I mean, I do understand why, but it bugs me when someone
in the fandom
(and she is, whether or not she wants to cop to it) tries to make that "Oh, I'm a fan, but not THAT KIND of fan" distinction. It's all very Jane Austen and the heroine of a novel saying shamefacedly, "Oh, it is only a novel!" Who's gonna stick up for fandom if even fandom is embarrassed by fandom?
Except, you know, the k*tt*ns and the Spuffists. They're totally craxy.
I should also add that it appears as though she enjoyed it and said some pretty nice things.
But I'm just stunned at the idea that it's somehow more difficult to find your tribe online now, than it was ten years ago.
Kathy, here.
eta: The above is the thing that's been bugging me. The "Hey, cool book about a quaint old antiquarian online community!" review is here.
I know it was in the early 80s, on my first apple on the noisy modem Ah, those were the days. We ran at BBS in the late 80s. It never seemed odd to me that I would meet people that I knew "online" until recent years.
I'm also sort of floored by the amount of criticism I've seen about the book, by people who haven't read the book.
This can only be a good thing, honestly-- it's not about your book, it's that lots of people have very personal relationships to their boards that no one has written about, really.
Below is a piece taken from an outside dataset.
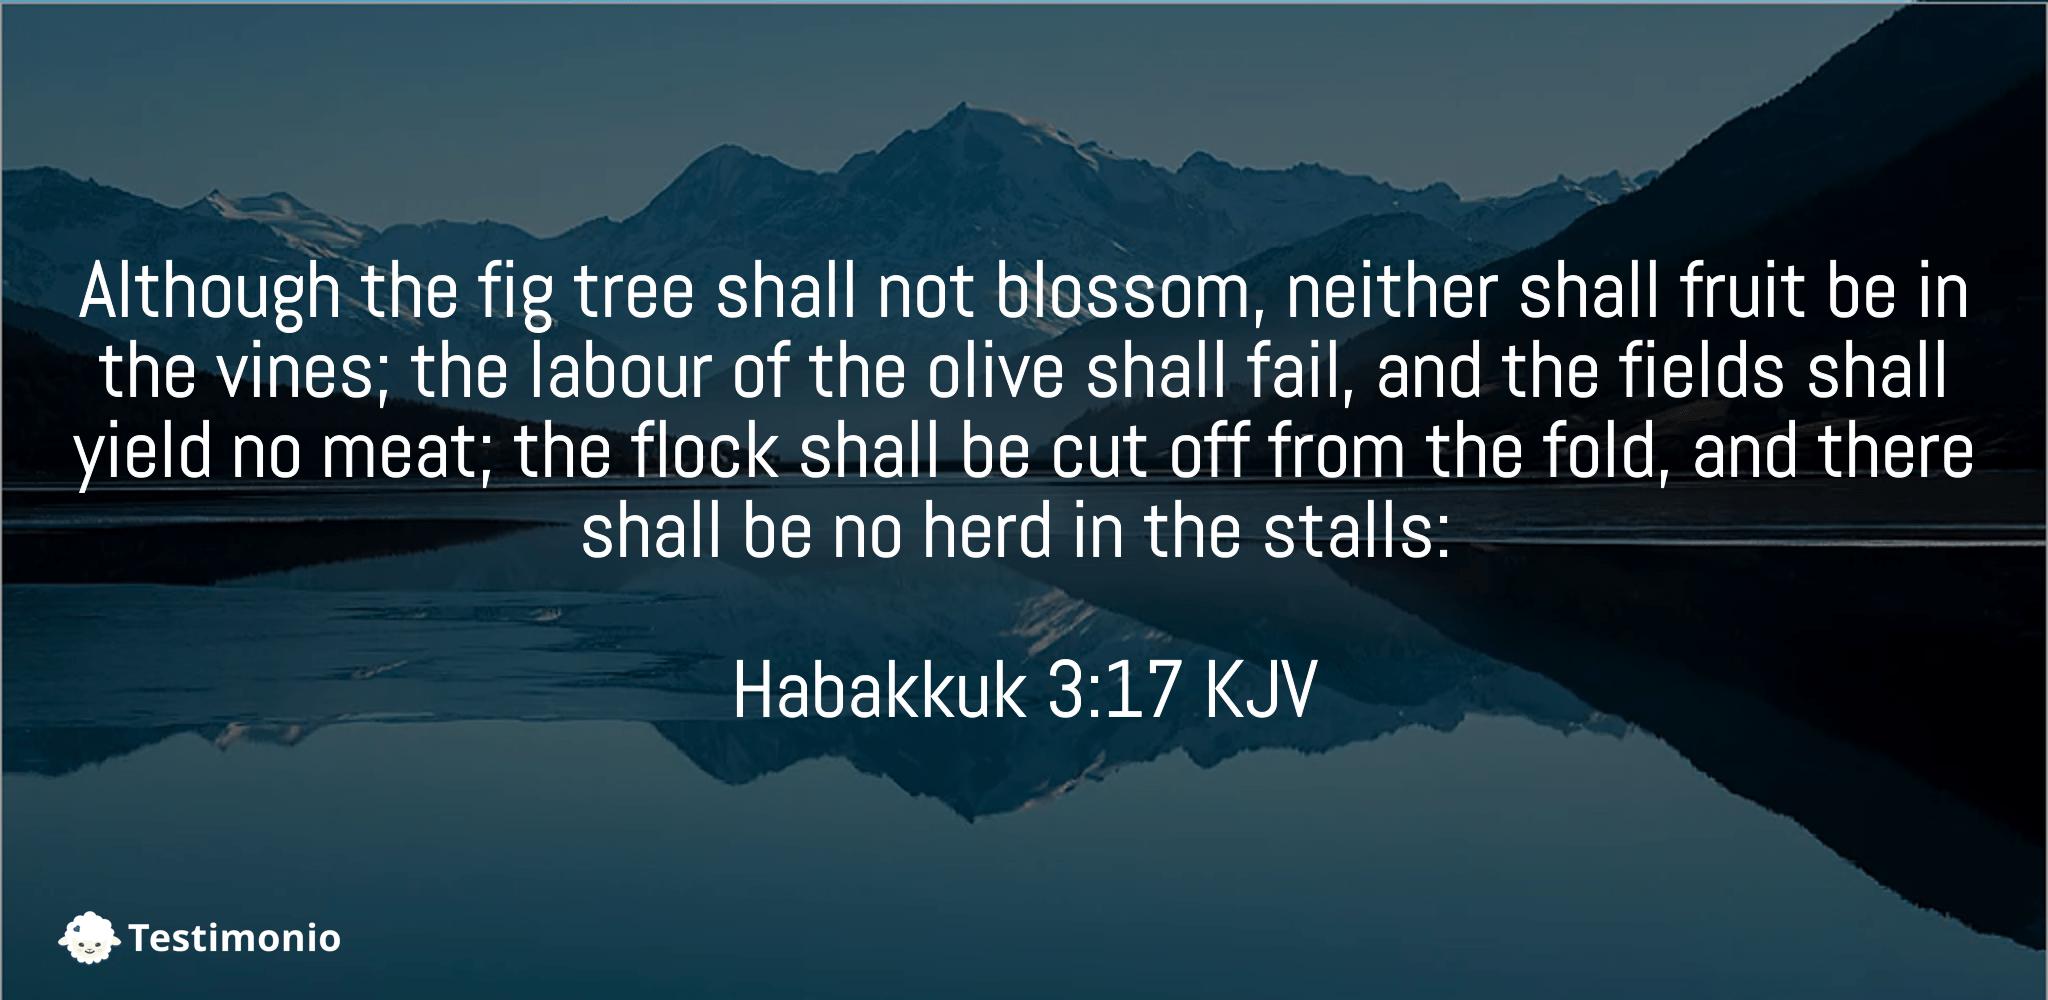 Habakkuk 3:17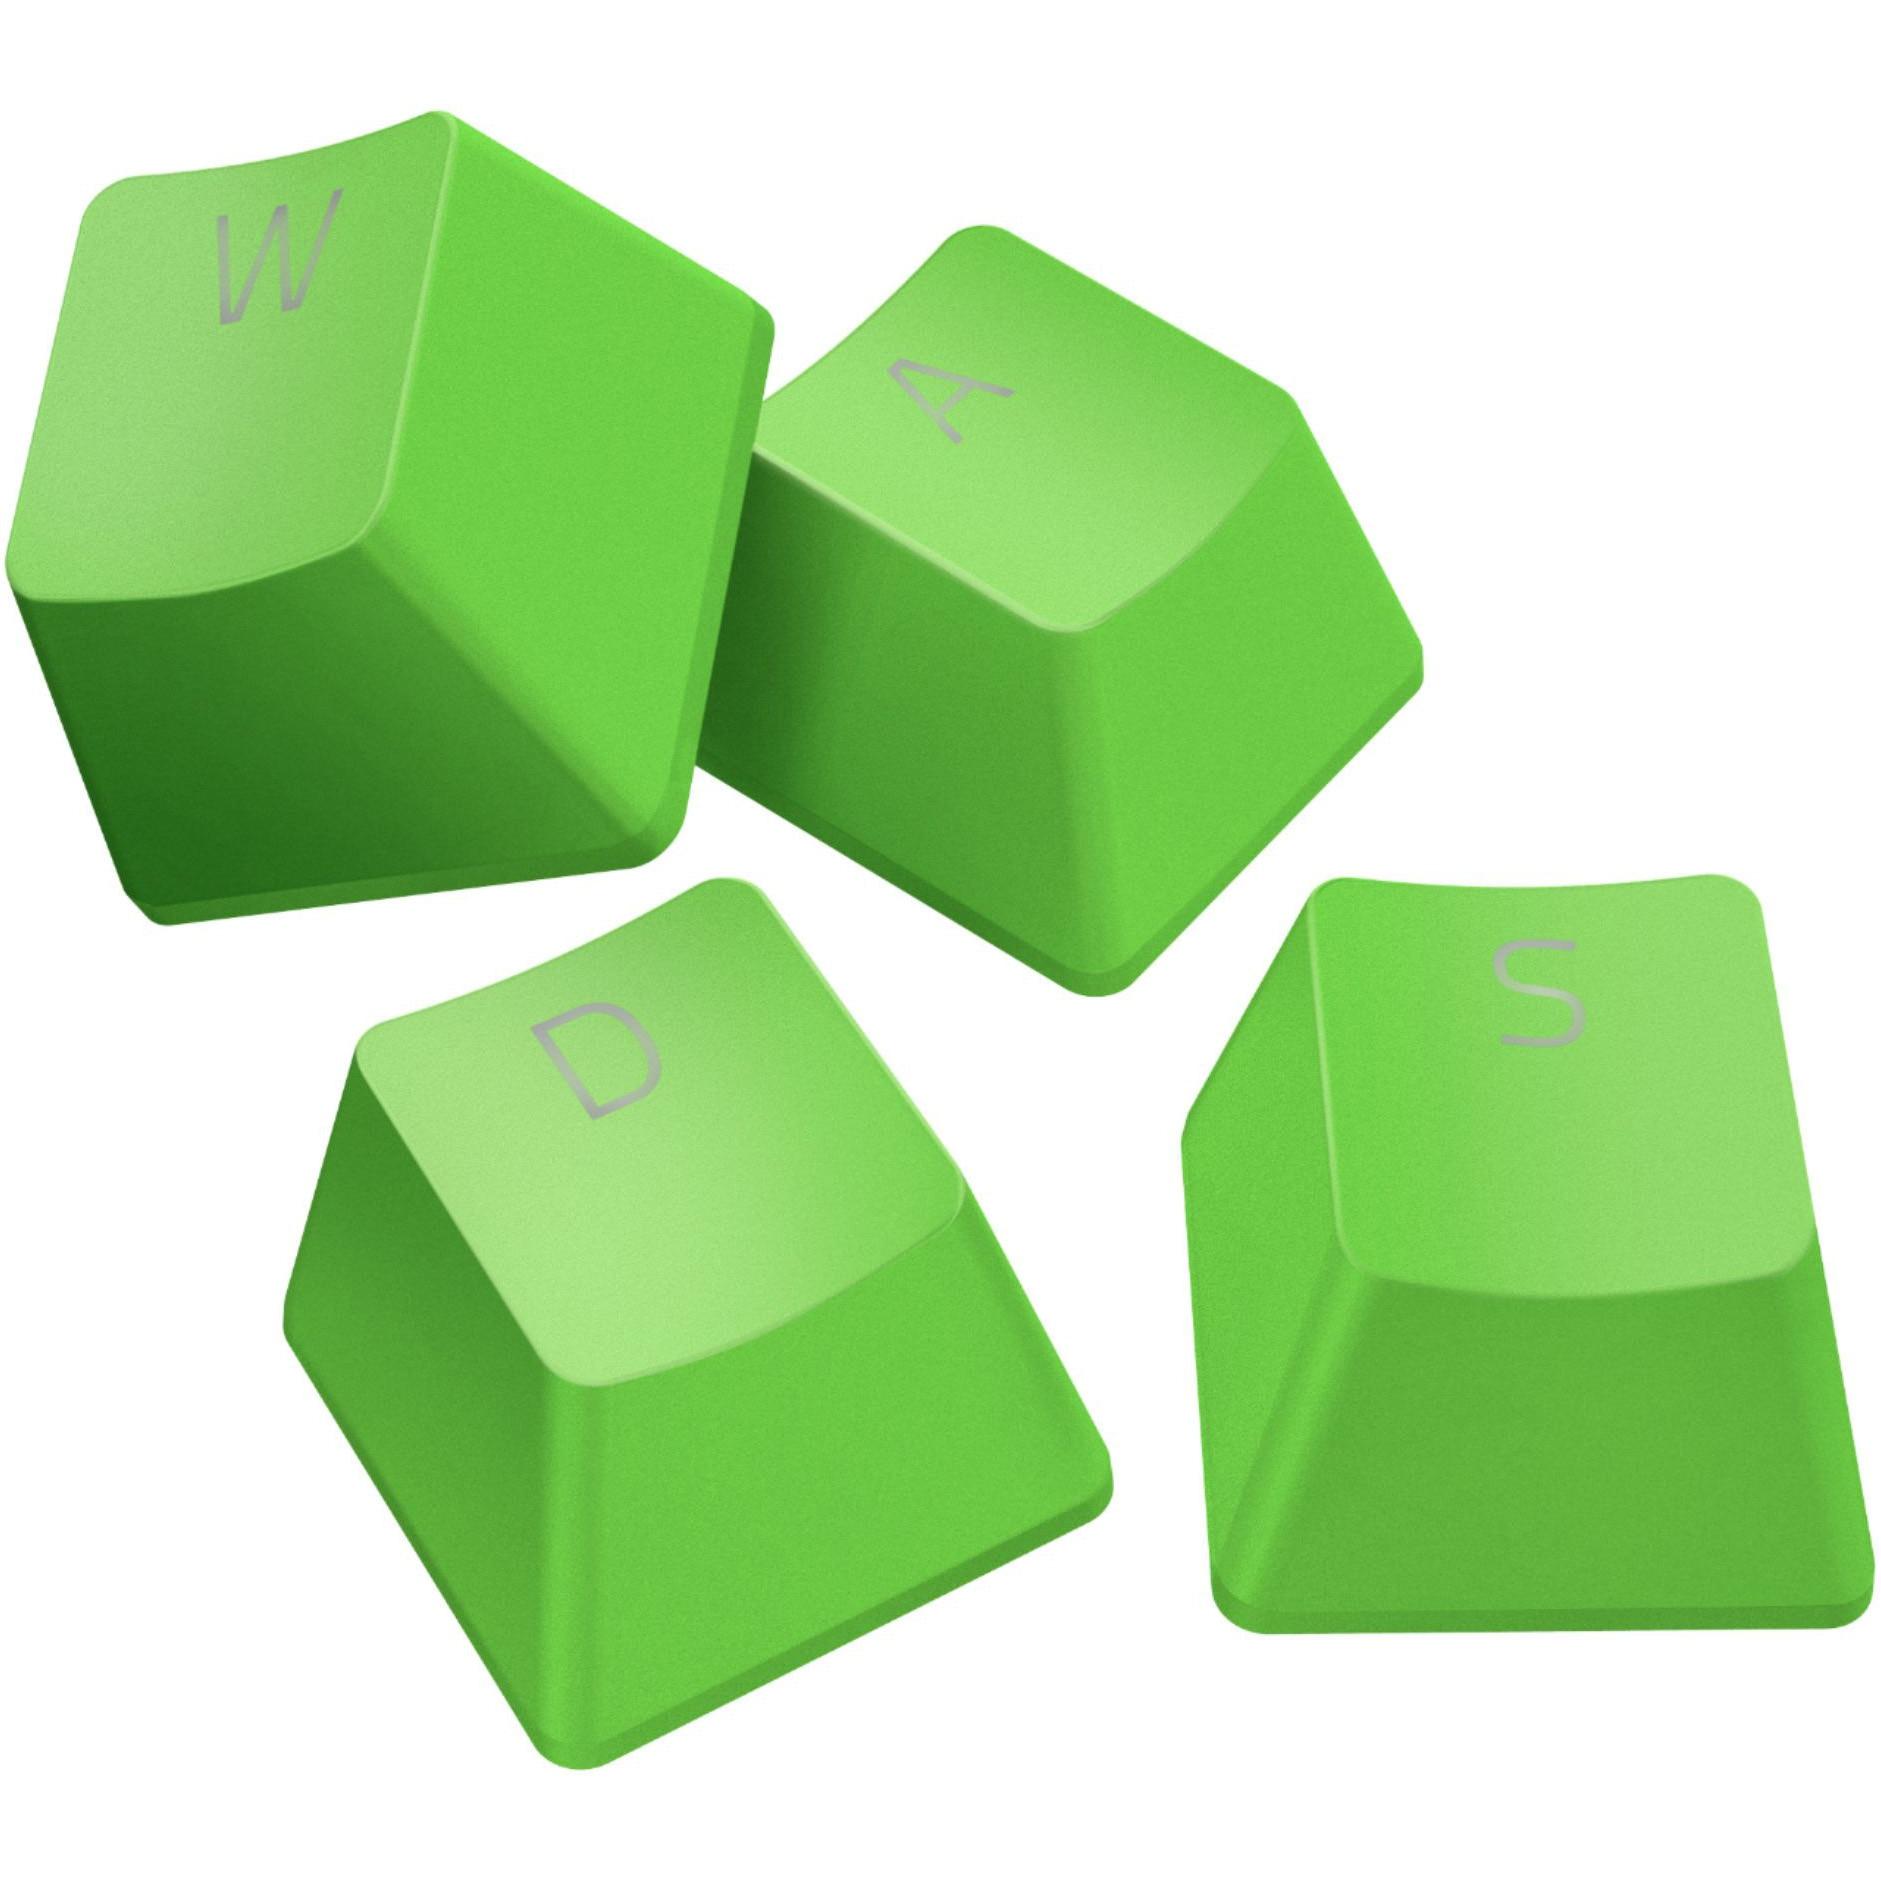 Fotografie Kit butoane tastatura Razer PBT Doubleshot, compatibile switch mecanic si optic Razer - Green

You're in an untapped market and people are using the book to talk about something they don't get to talk about. There's metafandom, but there's not really metaboards. It's all part of buzz that gets people to pick up the book!
I know it was in the early 80s, on my first apple on the noisy modem Ah, those were the days.
Huh. I got my first "real" computer in 1985. I knew what modems were but I didn't see what the point of having one was.